Dear All,
I have RNAseq data of a hybrid yeast, which has a lot of gene conversion and loss of heterozygosity between two genomes. I also have RNAseq data of one of its parents.
I was able to phase only 300 genes out of 6000. What I want is to compare gene expression levels between hybrid and this parent. Since only these 300 genes are phased, I got only 2% of uniquely mapped reads in hybrid, while in parent there are around 90%.
So my question is whether it is legitimate to use DESeq2 for only this subset of 300 genes? I am wondering whether it is ok to compare such a different library sizes together.
Thanks,
With my experience, I would say, you may run into some normalization problems. May be you can try ANOVA kind of test(?). But somebody here who has better experience with DESeq2 should comment on your situation.

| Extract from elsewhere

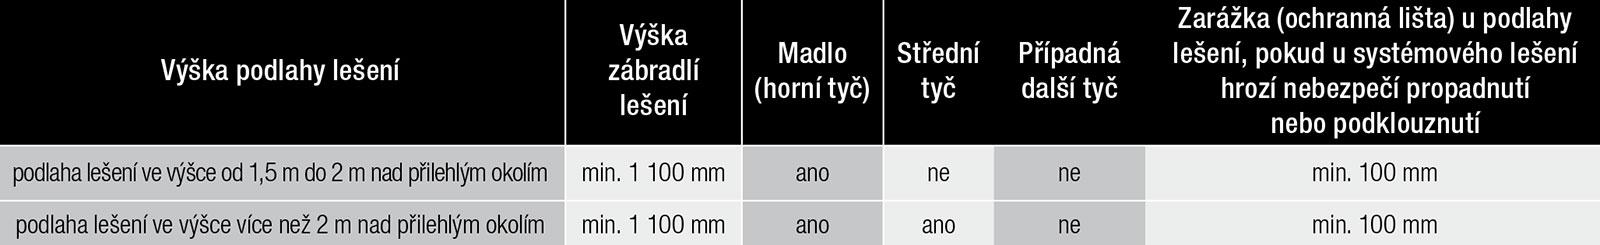 Tab. 4 Minimální požadavky na konstrukci zábradlí a zarážky u podlahy systémového lešení

Hi Venu, you right, my gut feeling says that conceptually it might not feet to DESeq2. Regarding ANOVA, what do you suggest exactly? Thanks
Do you really need to phase the alignments to do this? If the two parents are quite similar I would think it'd be better to align to one genome (or use an allele-specific pipeline, ignoring the fact that you don't actually care about allele-specific expression) and use the counts from all of the genes.
Hi Devon, allele-specific expression is exactly what I had to do, that's why I phased genes :) So now I want to compare the parent and homeolog. Here we have a quite complex genome and usual allele-specific pipelines fail, since >70% of genome has undergone conversion and LOH.
Those 2% vs 90% aligned reads, are those referring to the entire genome or to the specific 300 genes? If the 300 genes of interest are similarly well covered, it may be feasible. You could use the standard kallisto/salmon - tximport - DESeq2 routine just using those 300 genes. At least technically, that should be doable.
2% to 300 genes (the rest are multimaps), and 90 refers to entire genome. I used used STAR-DESeq2 pipeline.
What I want to try is mapping the parent only to subset of these 300 genes and then use DESeq2.
In the parental line, when you map to the entire genome, what is the mapping rate on the subset of 300 genes? Could you maybe clarify a bit how you mapped? Ex:
So I think I will subset these 300 genes from the whole genome mapping, and will normalize the library size only based on these genes and will compare it with hybrid.